Time allocation of 47 hunters surveyed weekly in Ghana and Tanzania was tied closely to employment or commitment to farming-related activities, with hunting levels peaking during periods when farms were fallow (P < 0.01 for ANOVAs of hunting and farming across the four time periods). Sleep was excluded from time budget calculations. Average daily bushmeat consumption in households provisioned by hunters included in this analysis declined by 68% (±17) during months of peak farming activity.
Integrated Assessment of Wildlife Harvest and Consumption.
Our pair-wise comparisons provide insight on the economic and spatial determinants of bushmeat use and reveal patterns that are largely consistent across the four countries and 96 settlements included in our study. However, these analyses (i) poorly account for colinearity among our predictors, (ii) provide only a vague assessment of the relative importance of individual predictors, and (iii) fail to take advantage of longitudinal (repeat sampling) data available for nearly one-half of the households that we surveyed. To address these issues and provide a more integrated analysis, we conducted two unbalanced mixed-effect panel regressions (15) in which country, settlement, and household were included as fixed effects while we tested for best models of wildlife consumption using (i) household wealth, (ii) distance from wildlife, (iii) distance from urban centers, and for model 2 only, (iv) bushmeat market prices. Results of these analyses show that wealth has no statistically significant independent effect on bushmeat consumption, although it does have a significant effect in amplifying the effects of distance from wildlife and attenuating the effects of relative bushmeat price and distance from urban center (Table 1; models including supply of alternative foods as a predictor of bushmeat use are provided in Table S1). These findings are qualitatively similar to those findings of our pair-wise analyses and strongly suggest that the juxtaposed inferior–normal good hypotheses that pervade the literature conflate wealth effects with more powerful correlated effects because of geographic proximity, relative prices, and although not feasible to include in the regression summarized in Table 1, opportunity cost of time spent hunting.
Table 1.
Predictors of household wildlife consumption (grams per day per household) in Ghana, Tanzania, Cameroon, and Madagascar from 2004 to 2008 using mixed-effect panel regression models
Explanatory variable | Model 1 | Model 2 |
Household wealth (decile) | −0.011 (0.62) | −0.043 (0.18) |
Distance from harvested wildlife (km) | −0.074 (<0.01) | −0.142 (<0.01) |
Distance from urban center (km) | 0.061 (0.01) | 0.133 (0.01) |
Wealth × distance from harvested wildlife | 0.29 (<0.01) | 0.299 (<0.01) |
Wealth × distance from urban center | 0.16 (<0.01) | 0.188 (<0.01) |
Relative bushmeat price (ratio) | −0.122 (<0.01) | |
Wealth × relative bushmeat price | 0.354 (<0.01) | |
Constant | 2.9 (<0.01) | 2.2 (<0.01) |
Full model R2 | 0.47 | 0.57 |
Model 1 includes a sample of 2,000 households from 96 settlements in the four countries. Model 2 includes a subset of 994 households from 54 settlements in Ghana and Tanzania for which weekly price of bushmeat (relative to other meats) was collected. Values shown represent coefficient estimates with associated probabilities in parentheses. Household was included as a fixed effect in both models.

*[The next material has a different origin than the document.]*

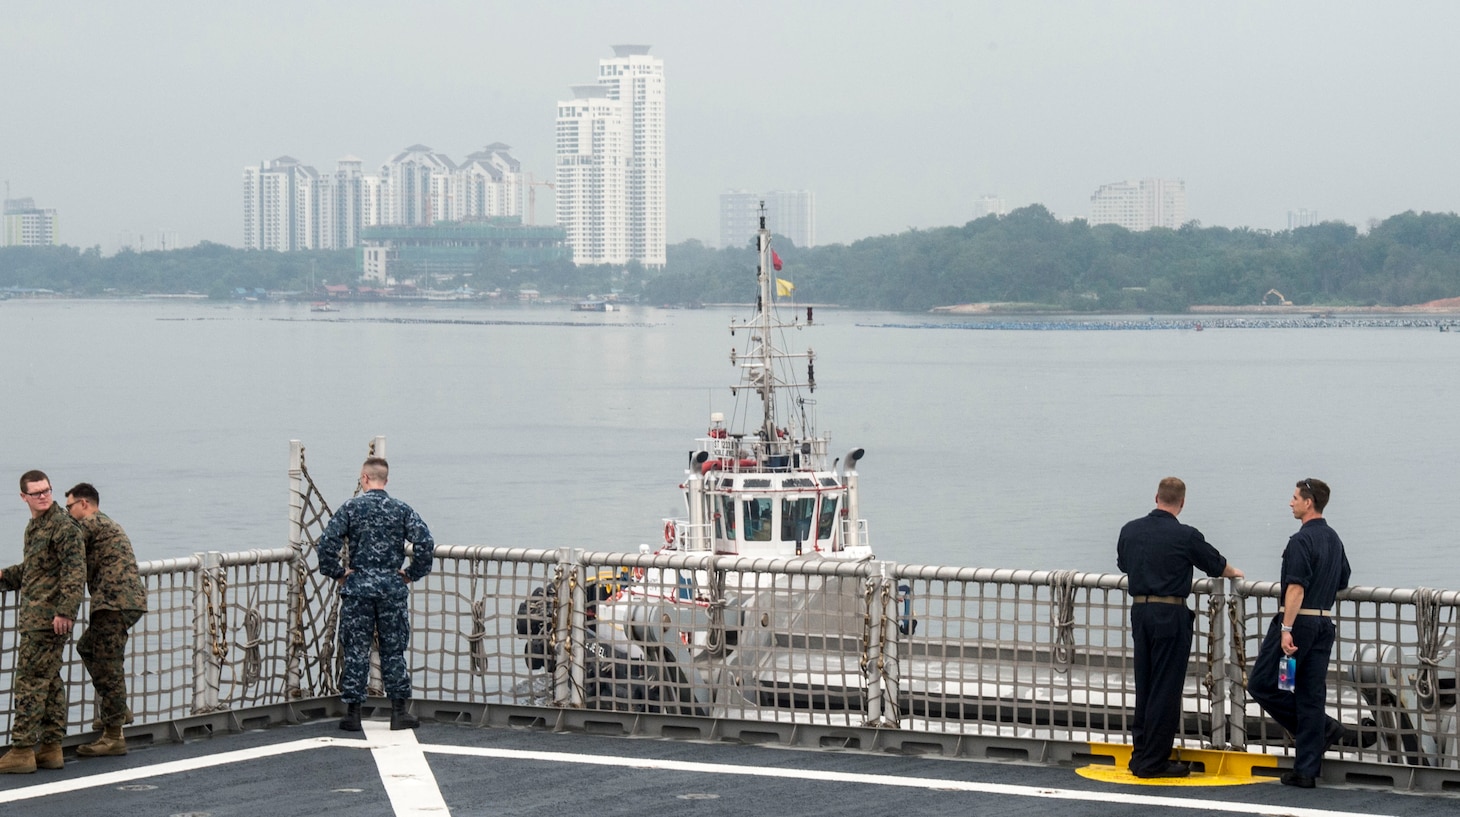 Sailors and Marines observe as USNS Millinocket (T-EPF 3) departs Singapore. USNS Millinocket is supporting a U.S. 7th Fleet theater security cooperation mission and will be traveling to several Indo-Pacific countries in the coming weeks.
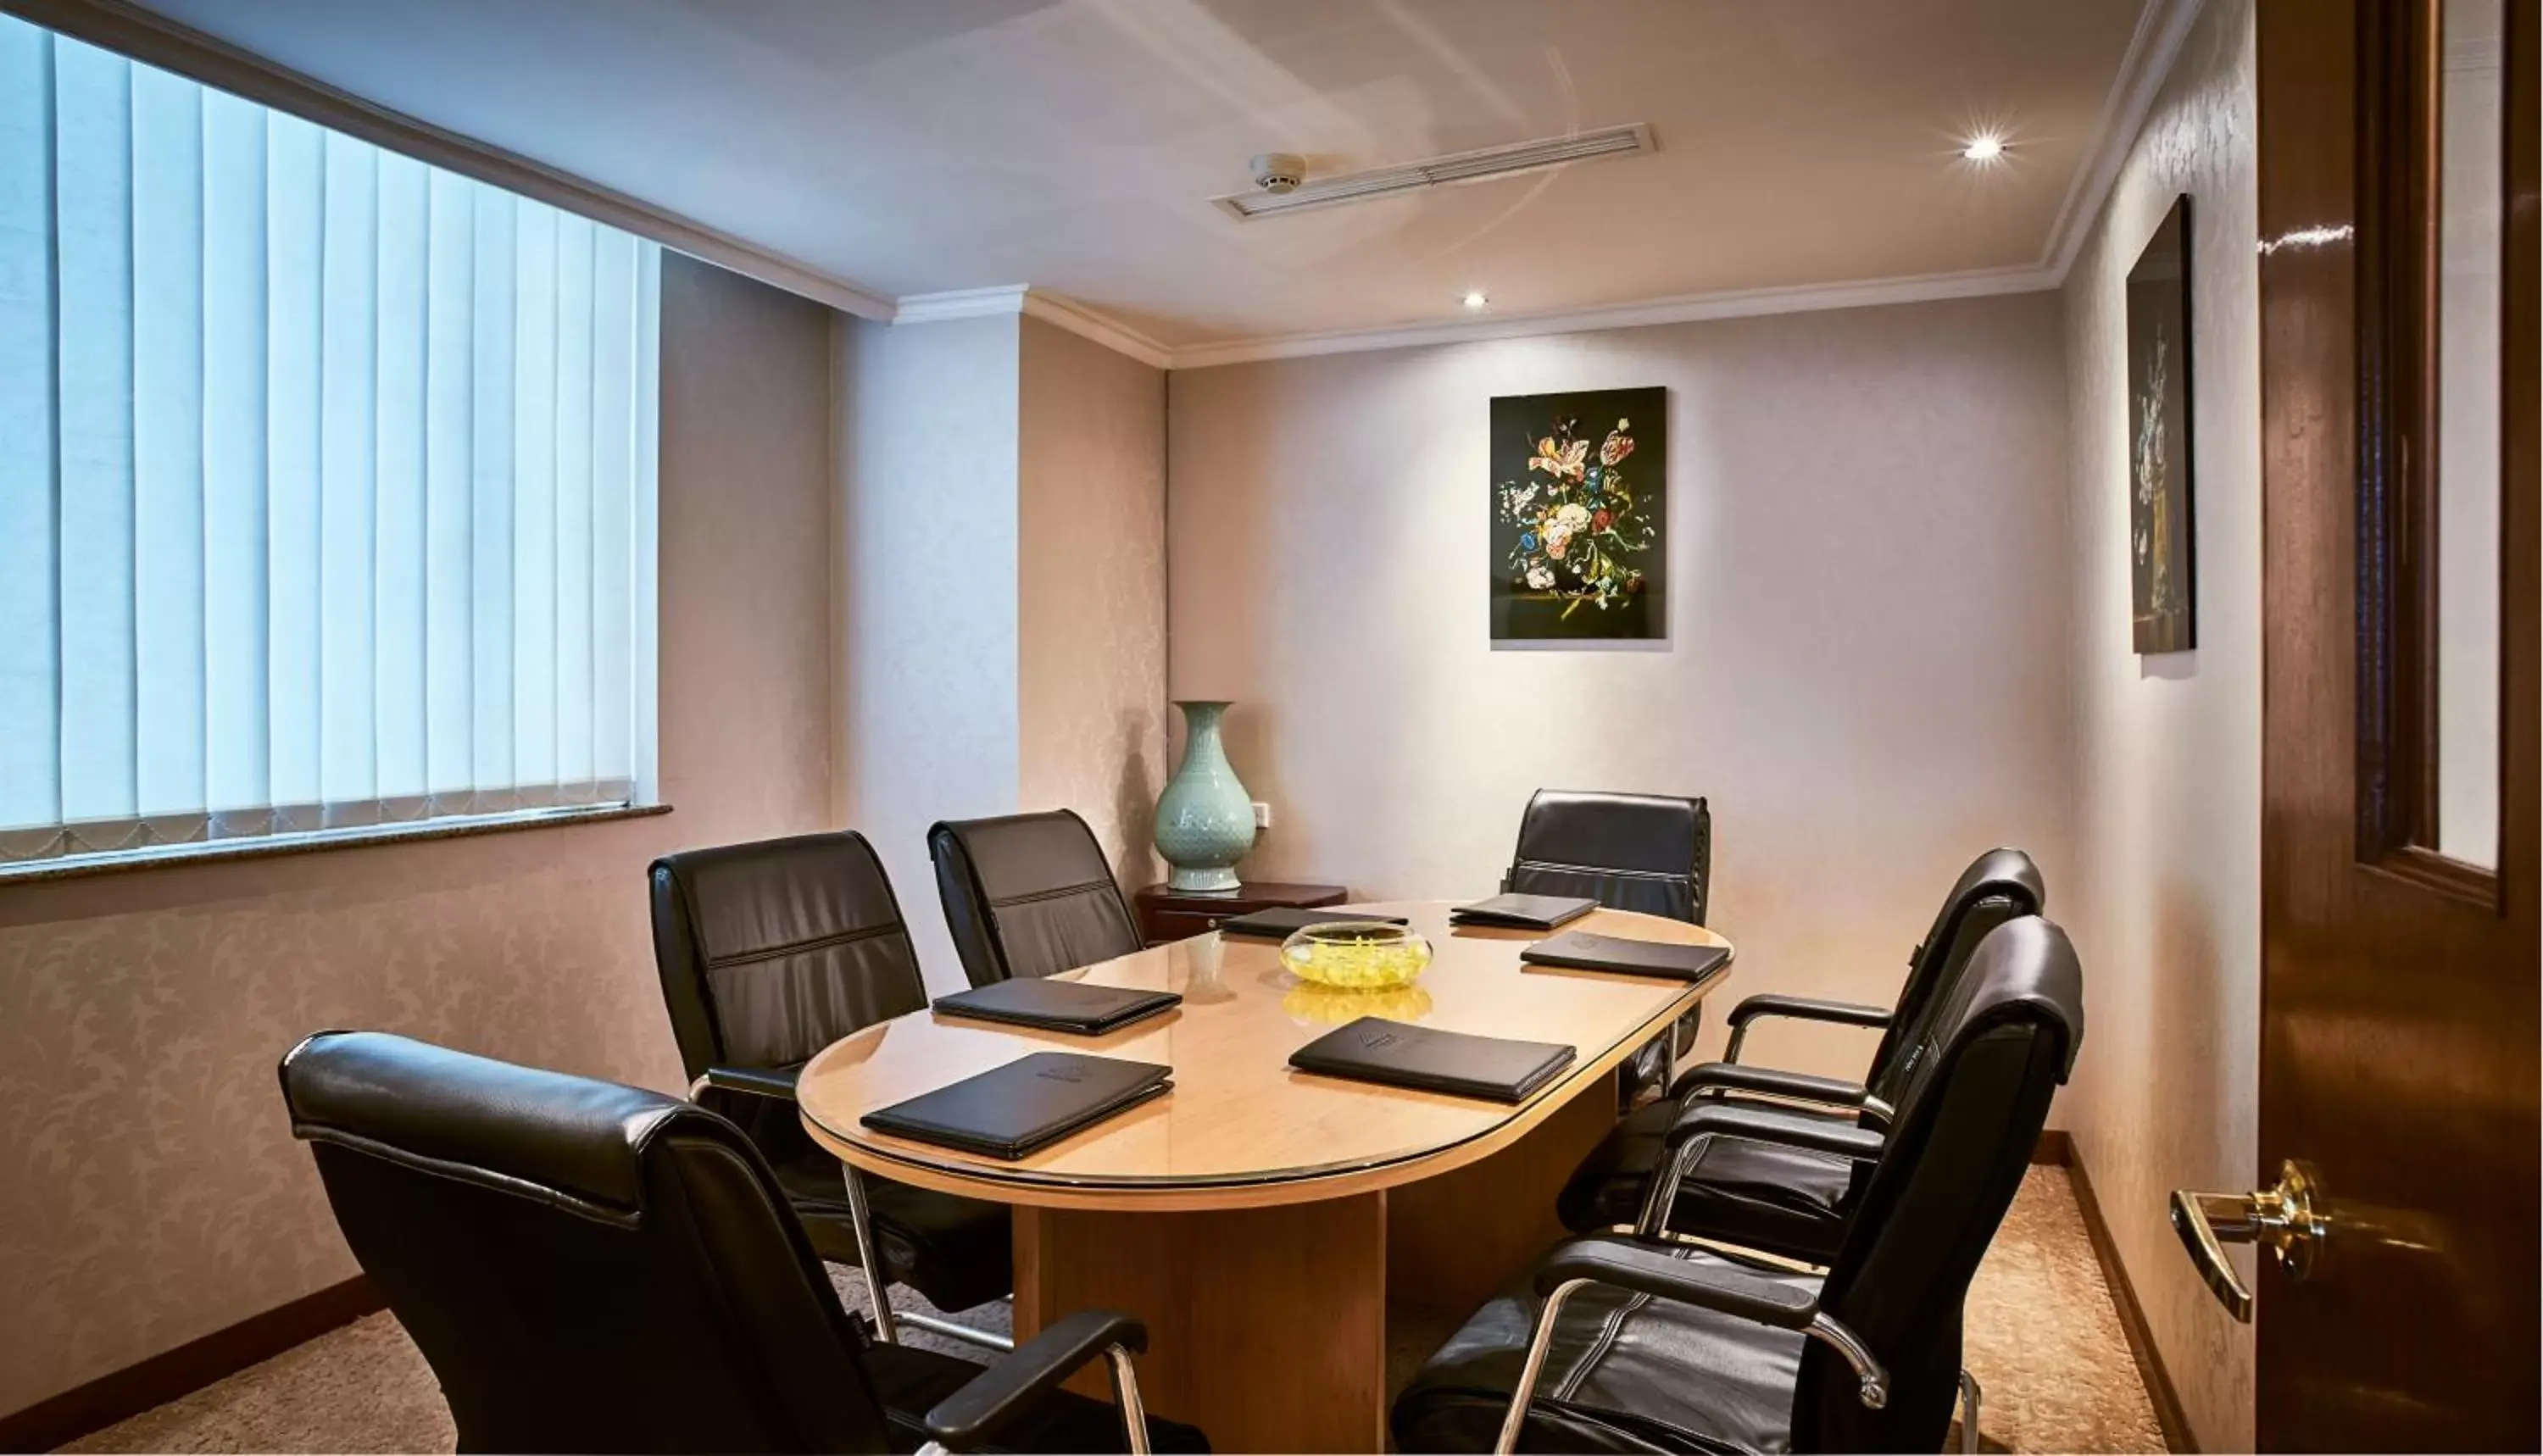 Meeting/conference room in Windsor Plaza Hotel

The patterns that we observe between rural and more urban settlements initially appear to contrast sharply, but in fact, both can be explained within a single economic framework. Three key characteristics of this framework are that (i) hunting is labor/time intensive and relies on access to wildlife, (ii) bushmeat is a normal good in more urban settings such that demand for it increases as a household's income increases, and (iii) there are significant costs to obtaining and marketing bushmeat. There are several implications of these three characteristics, and they are supported by our analyses. Individuals with low (perhaps only seasonal) labor productivity rationally reallocate their time to hunting, which we show with activity budgets from Ghana and Tanzania (Fig. 5), and thus, harvest more bushmeat than otherwise identical people whose labor is productively absorbed in other activities offering at least comparable returns. When alternative livelihoods are seasonally unavailable or if they fail because of stochastic events, people turn to hunting to generate income and food. However, reallocation of labor to hunting is only an option for those people who live close (roughly within 30 km) to harvestable wildlife (Fig. 3A). Furthermore, where a hunter lives far from market, the costs of exchanging bushmeat for other foods are relatively high (Fig. 3B), and therefore, hunters and households within their settlements tend to eat their harvest (Fig. 4). Beyond areas where hunting is an option, bushmeat becomes purely a consumption good, and therefore, conventional income effects of the consumer dominate: individuals who have expendable income eat more than those individuals who do not. In summary, in rural areas, the effects of labor returns and geographic access dominate, in part, because of the costs of marketing meat. In urban areas, the dynamics of wildlife consumption are dominated by consumer income effects, because a shortage of local wildlife makes hunting an unrealistic option.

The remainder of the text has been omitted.